An int stands for integer, it refers to a non decimal whole number. These numbers includes positive, negative or even zero.
Examples:
x= 10
y= -7
z= 0
In Python, size of an integer is not made fixed as in some other languages. You can make very large integer values and Python automatically increases size as required.
What is float in Python?
Float means a floating-point number. These numbers have a decimal point. These are used when more precision is needed-in for money, measurements or scientific calculation examples.
Examples:
a = 3.14
b = -0.005
c = 2.0
Python treats everything that consists of a decimal point even if that decimal is not visible (for instance, in the example of 2.0), as a float.
Key Differences Between int and float
Let's have a quick on the main points that set these two apart:
Decimal Point: The absence of decimal point for int, presence of decimal point for float.
Precision: float can represent very small or very large values with decimal points, but might lose precision after many digits.
Memory and Performance: int operations are usually slightly faster and more precise because they don't deal with fractional parts.
Usage: Use int for counting or indexing. Use float for measurements, currency (with caution), and more precise math.
When is Float Precision a Concern?
While floats are strong they have a small cost—precision errors. Because computers store floating-point numbers in binary, not every decimal value can be exactly represented. This sometimes leads to small rounding errors.
Example:
x= 0.1 + 0.2
print(x) # Output: 0.30000000000000004
This might not matter in average programming, but even small error like this may have a large impact when using it for financial application, science research or engineering tools.
In such circumstances, you may:
Use the decimal module for more accurate decimal arithmetic.
Round the result using round() when displaying or storing values.
Avoid comparison of floats directly (==), use checking if they are "close enough."
6.How are strings handled in Python? Explain indexing and slicing. Are strings mutable?
Strings:Imagine you type a word or a sentence on your computer. In Python, that's called a string. It's just a bunch of letters (or numbers or symbols) all in a row.
Indexing (Looking at One Letter at a Time) :
Think of each letter in your word having a secret number, starting from zero for the very first letter.
For example, in the word "APPLE":
"A" is at number 0
"P" is at number 1
"P" is at number 2
"L" is at number 3
"E" is at number 4
If you want to see a specific letter, you just use its number in square brackets []:
word = "APPLE"
first_letter = word[0] # You'll get "A"
third_letter = word[2] # You'll get "P"
You can even count from the back using minus signs:
last_letter = word[-1] # You'll get "E"
second_last = word[-2] # You'll get "L"
Slicing :
Taking a Piece of the Word
What if you want a part of the word, like "APP"?
You can "slice" it out.
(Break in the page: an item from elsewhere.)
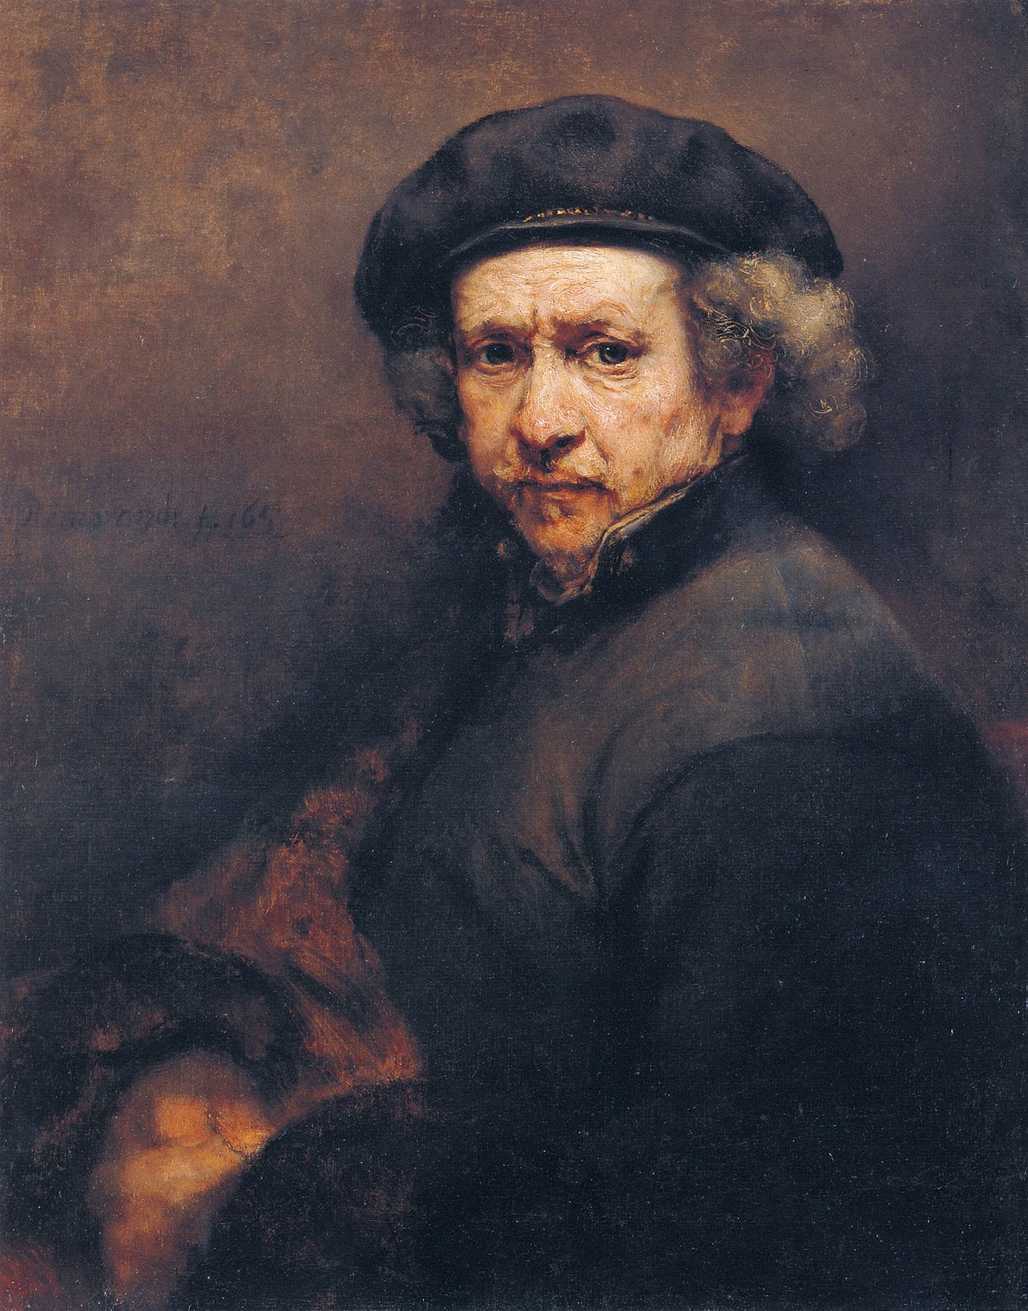 Rembrandt's Self-Portrait

You tell Python where to start and where to end (but it stops just before the end) using a colon : in the square brackets:
word = "APPLE"
first_three = word[0:3] # You'll get "APP" (from number 0 up to, but not including, number 3)
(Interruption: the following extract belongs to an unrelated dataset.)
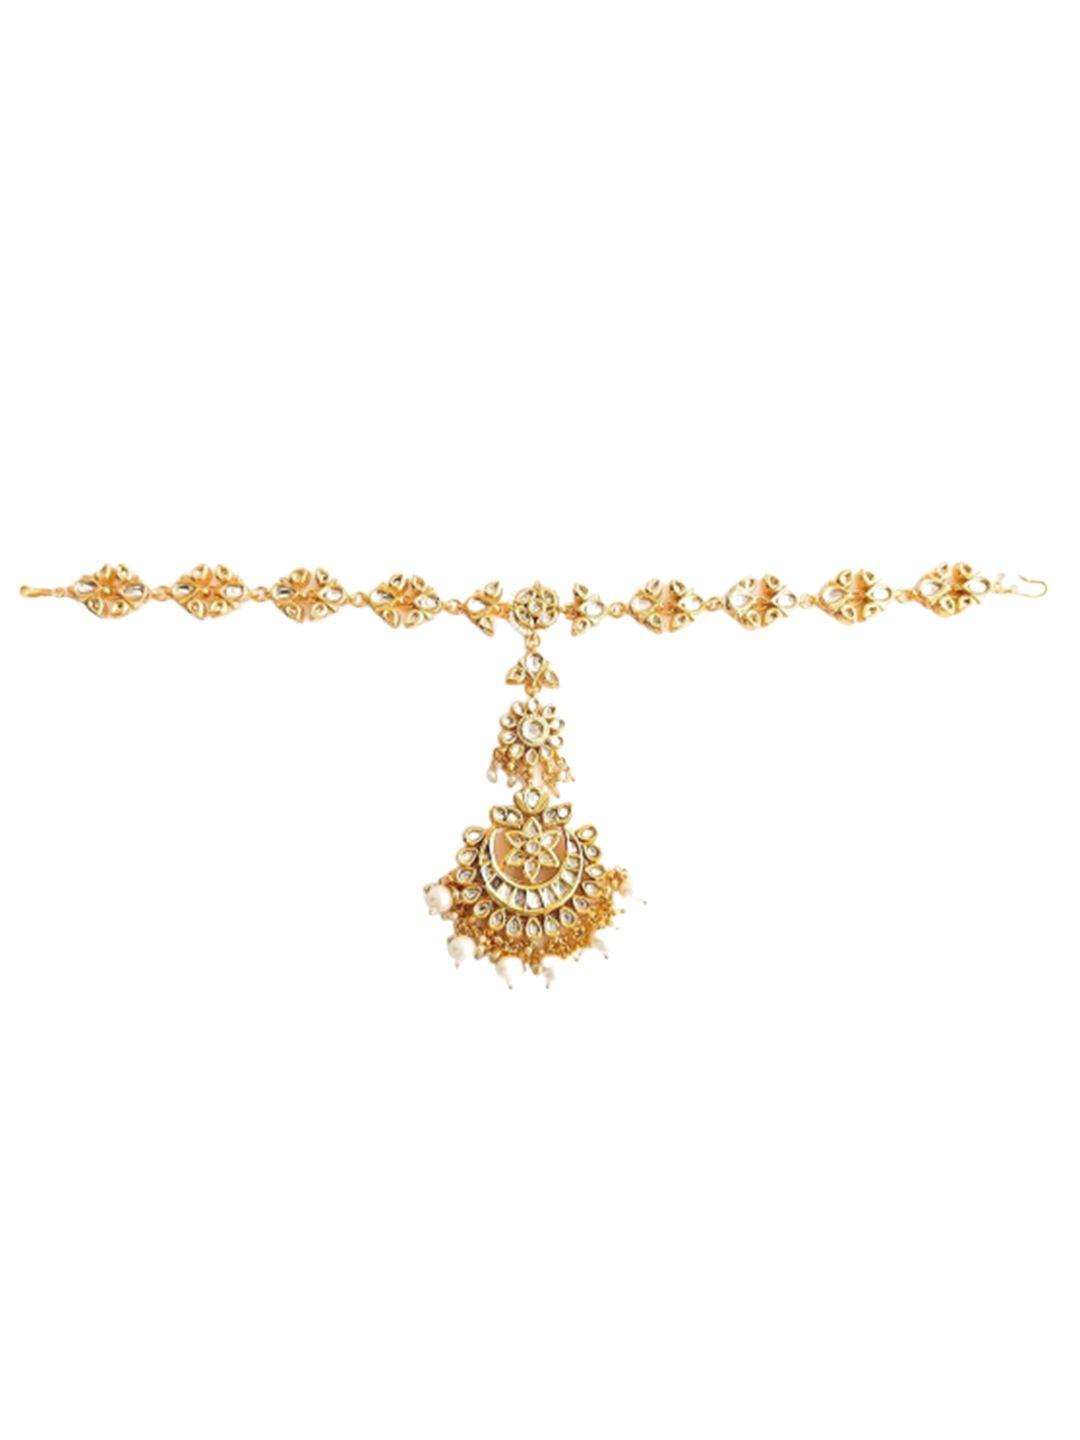 pihtara jewels gold-plated kundan-studded & beaded  matha patti

from_second_on = word[1:] # You'll get "PPLE" (from number 1 to the end)
up_to_third = word[:3] # You'll get "APP" (from the beginning up to, but not including, number 3)
Mutability:
Strings in Python are immuatable means that once string is created it's contents can not be changed.
Can You Change the Word After You Type It?
Here's a big thing to remember: once you make a word (a string) in Python, you can't go back and change the letters in the original word directly. It's like writing in pen – you can't just erase a letter.
If you want to make a new word that's almost the same but with a change, you have to create a brand new word. For example, to change "APPLE" to "BPPLE", you'd make a new one:
word = "APPLE"
new_word = "B" + word[1:] # You make "BPPLE" by putting "B" in front of "PPLE" from the old word.
So, Python treats words (strings) as fixed. You can easily look at them and take parts of them, but you can't change the original. If you need a change, you just make a new one.